We can now write each force in Cartesian form by multiplying the given magnitudes of each force by the unit vector.

$F_A\,=\,6\left(-\dfrac{0.75}{3.09}i+0j+\dfrac{3}{3.09}k\right)$

$F_A\,=\,\left\{-1.46i+0j+5.82k\right\}$ kN

$F_B\,=\,8\left(\dfrac{0.375}{3.09}i-\dfrac{0.65}{3.09}j+\dfrac{3}{3.09}k\right)$

$F_B\,=\,\left\{0.97i-1.68j+7.77k\right\}$ kN

$F_C\,=\,5\left(\dfrac{0.53}{3.09}i+\dfrac{0.53}{3.09}j+\dfrac{3}{3.09}k\right)$

$F_C\,=\,\left\{0.86i+0.86j+4.85k\right\}$ kN

Next, we will find the resultant force.

$F_R\,=\,F_A+F_B+F_C$

$F_R\,=\,(-1.46+0.97+0.86)i+(0-1.68+0.86)j+(5.82+7.77+4.85)k$

$F_R\,=\,\left\{0.37i-0.82j+18.44k\right\}$ kN

To figure out the coordinate direction angles, we need to find the magnitude of the resultant force.

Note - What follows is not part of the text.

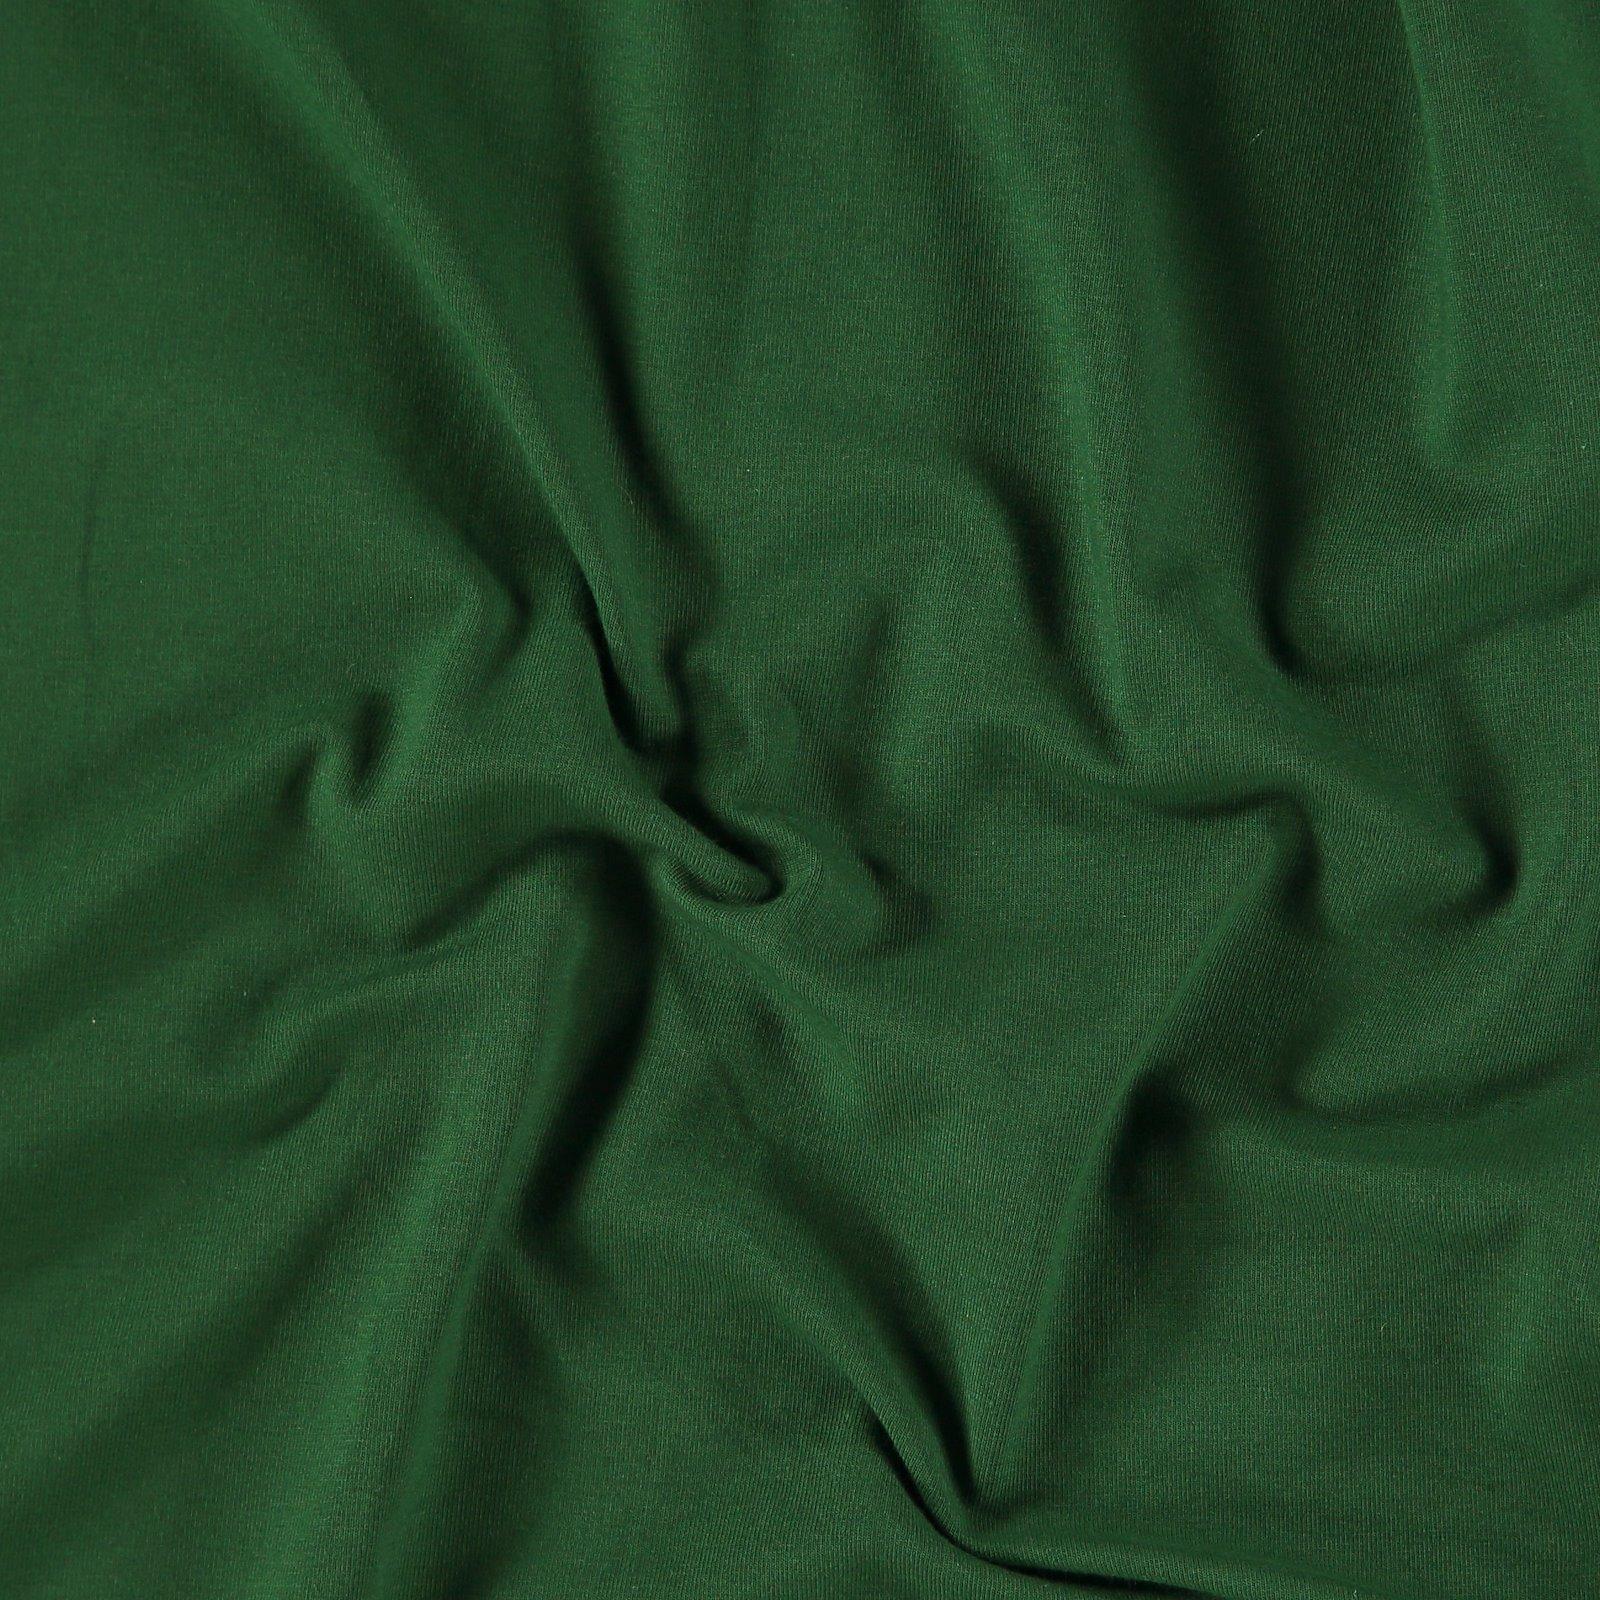 Organic stretch jersey dark green

magnitude of $F_R\,=\,\sqrt{(0.37)^2+(-0.82)^2+(18.44)^2}\,=\,18.46$ kN

We can now write the coordinate direction angles by taking the cosine inverse of each component of the resultant force divided by it’s magnitude.

$\alpha\,=\,\cos^{-1}\left(\dfrac{0.37}{18.46}\right)\,=\,88.8^0$

$\beta\,=\,\cos^{-1}\left(\dfrac{-0.82}{18.46}\right)\,=\,92.5^0$

$\gamma\,=\,\cos^{-1}\left(\dfrac{18.44}{18.46}\right)\,=\,2.66^0$

$F_A\,=\,\left\{-1.46i+0j+5.82k\right\}$ kN

$F_B\,=\,\left\{0.97i-1.68j+7.77k\right\}$ kN

$F_C\,=\,\left\{0.86i+0.86j+4.85k\right\}$ kN

$F_R\,=\,\left\{0.37i-0.82j+18.44k\right\}$ kN

magnitude of $F_R\,=\,18.46$ kN

$\alpha\,=\,88.8^0$

$\beta\,=\,92.5^0$

$\gamma\,=\,2.66^0$

## 2 thoughts on “The cylindrical plate is subjected to the three”

• questionsolutions Post author

Sorry for the late reply. We use sin30 and cos30 to figure out the exact point where B lies with respective to the x and y axes. Using sin30 we can figure out the x length, and using cos30 we can figure out the y length. Remember that sin is opposite over hypotenuse while cos is adjacent over hypotenuse.